I recently needed to be able to parse CSV export from excel, in Javascript. The only way I could find to parse it was a stream-oriented parser, so I came up with this that seems to cope with the majority of strangeness, including multiline cells, quotation marks, and escape and non-escaped cells.

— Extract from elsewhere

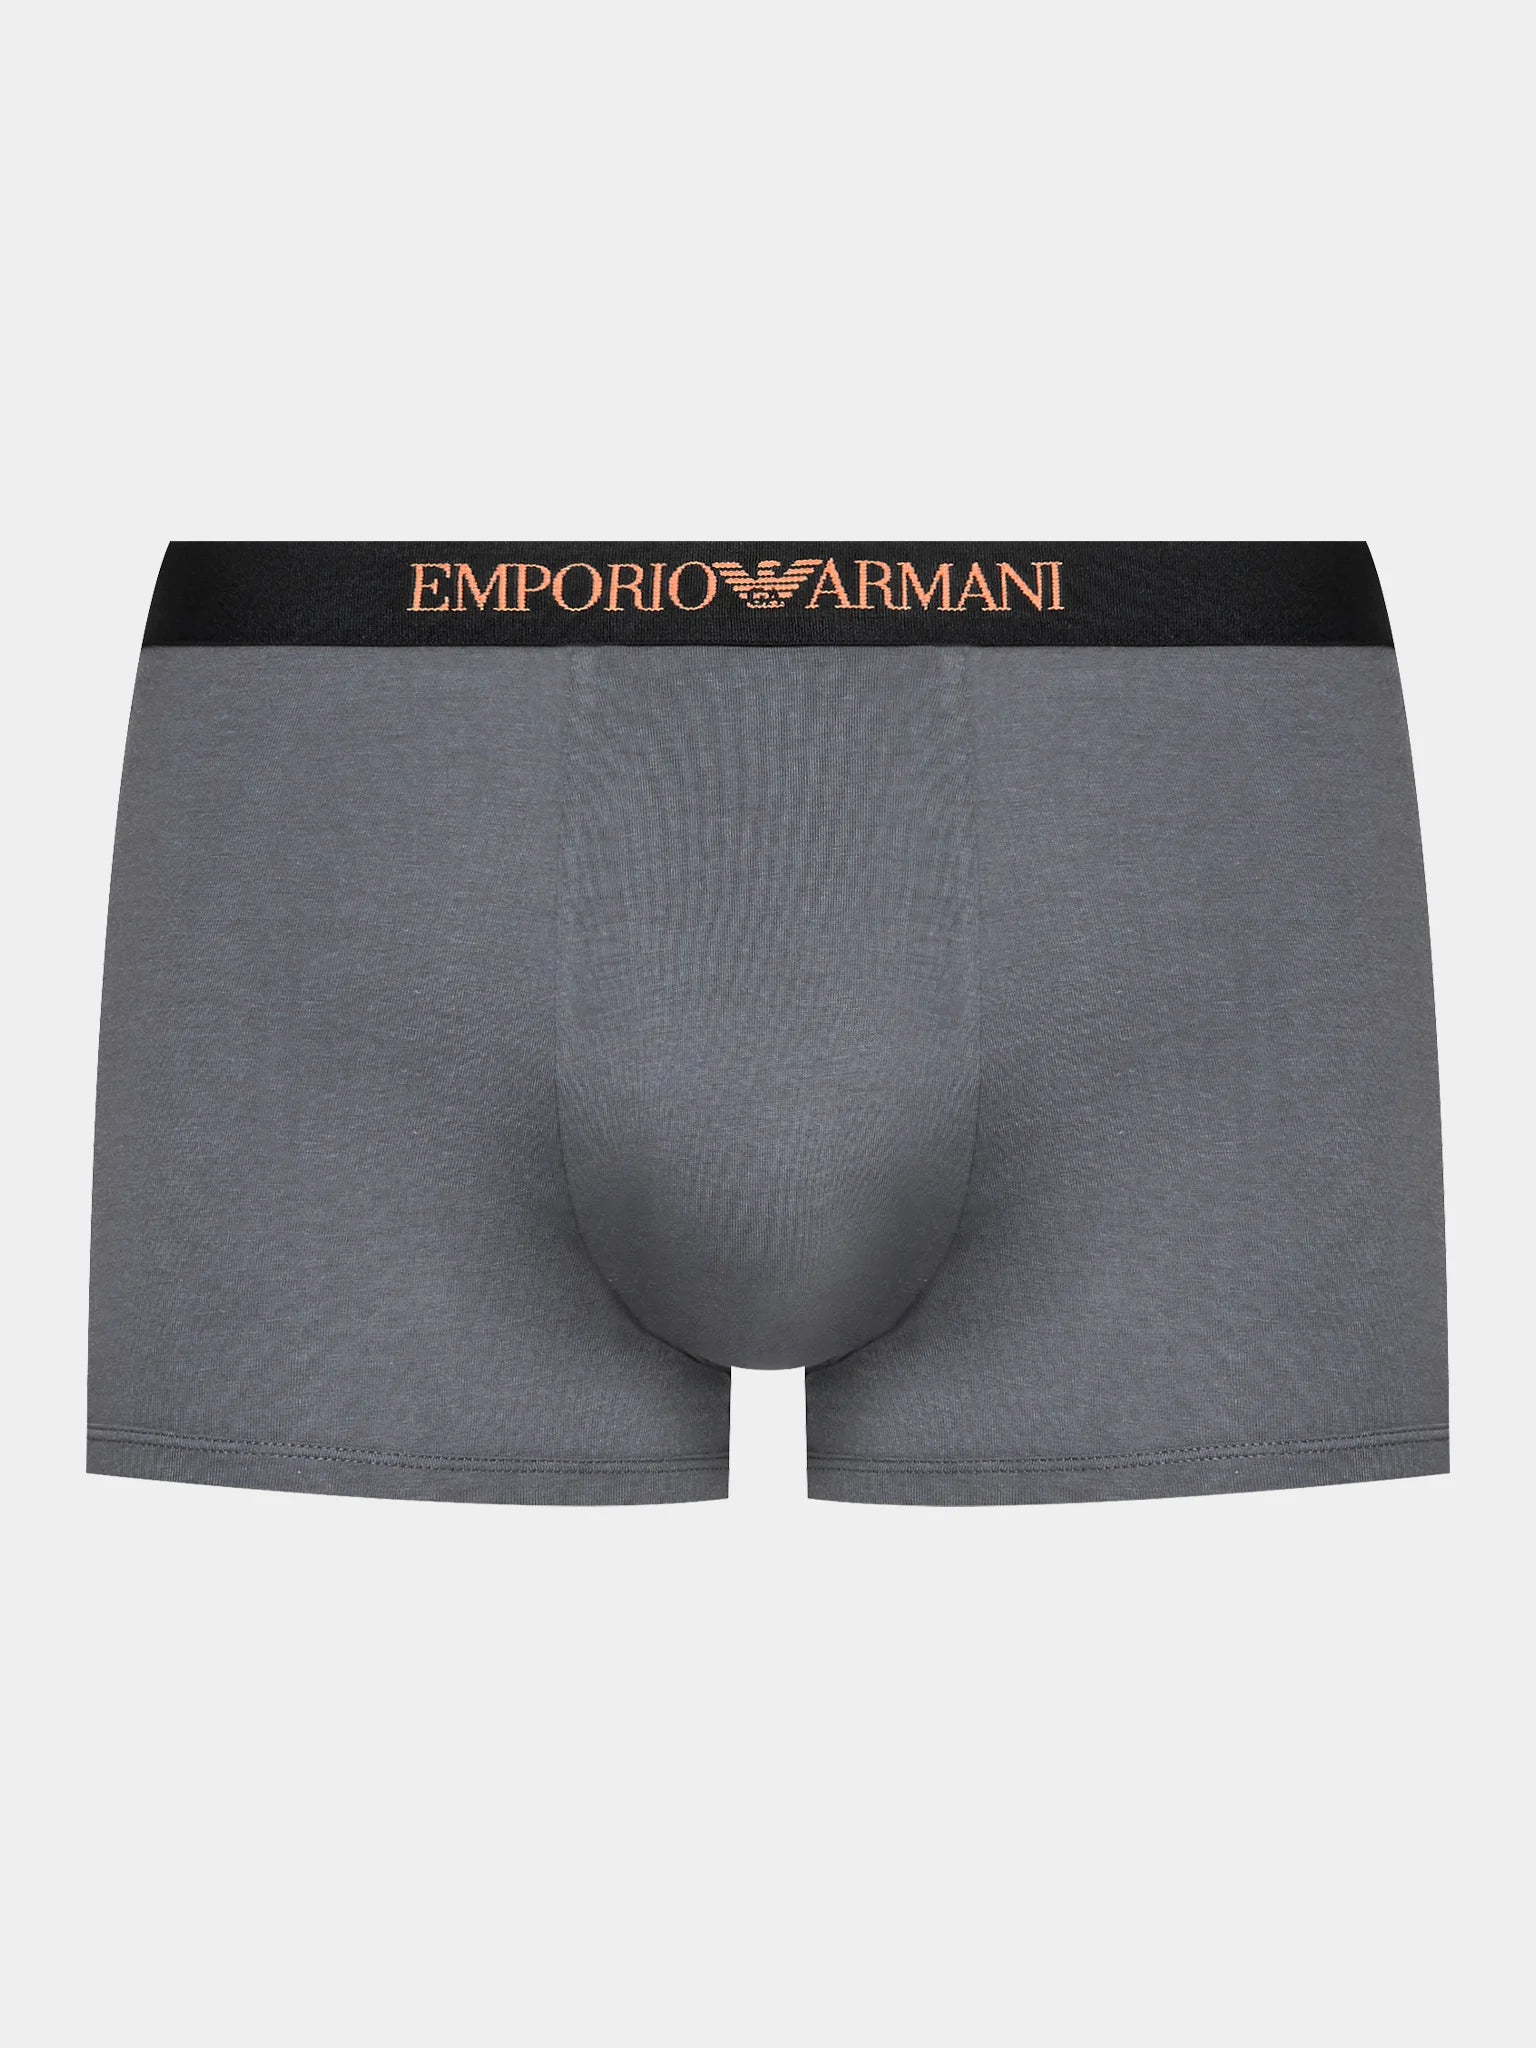 Emporio Armani boxers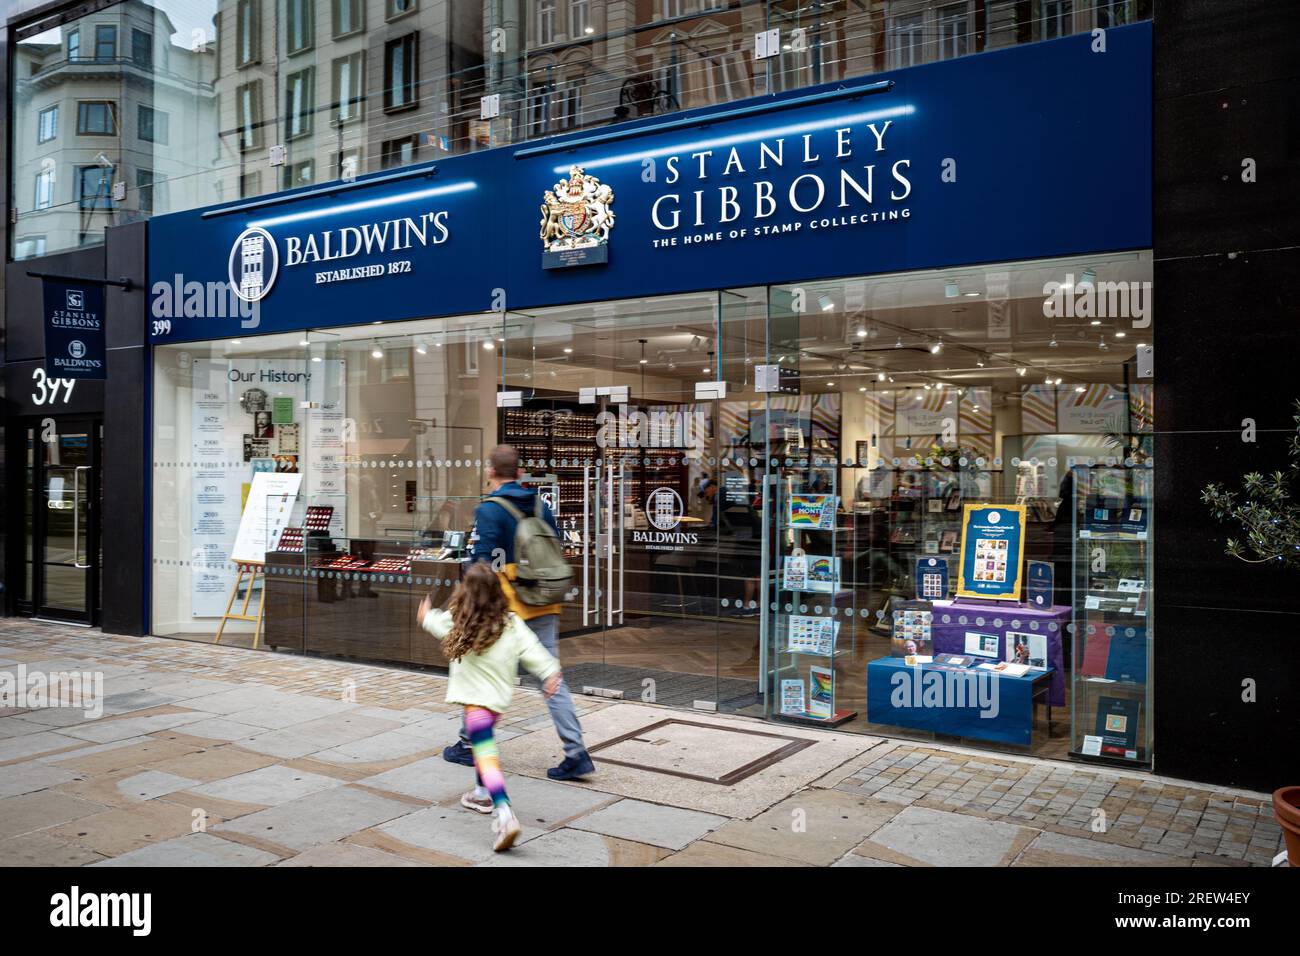 Stanley Gibbons e Baldwins showroom e HQ al 399 The Strand London. Stanley Gibbons è il più lungo commerciante di francobolli al mondo. Foto Stock

It’s implemented in coffeescript:

class CSV
  constructor: (data) ->
    @raw = data

    @_parse(@raw)

  _parse: ->
    @rows = []
    row = []
    cell = ""

    offset = 0

    mode = CSV.RAW

    while offset < @raw.length
      ch = @raw.charAt(offset)
      adjacent = @raw.charAt(offset+1)

      if mode == CSV.RAW
        if ch == ","
          row.push cell
          cell = ""
        else if ch == "\r"
          @rows.push row
          row = []
          cell = ""
        else if ch == "\""
          mode = CSV.ESC
        else
          cell += ch

      else if mode == CSV.ESC
        if ch == "\""
          if adjacent == "\""
            cell += ch
            offset += 1
          else
            mode = CSV.RAW
        else
          cell += ch
      
      else
        throw "Invalid csv parser mode"
    
      offset += 1

    @rows
  
CSV.RAW = 1
CSV.ESC = 2

@CSV = CSV

This is a good example of code which will block the browser in a big-time way. For example, if you tried to parse a one megabyte CSV file, you’ll probably crash webkit mobile devices, and get script timeout errors in slower javascript implementations. Whoever, because all the looping logic is in a while, it’d be straightforward to make the parser run inside a setInterval loop, and let the browser remain responsive.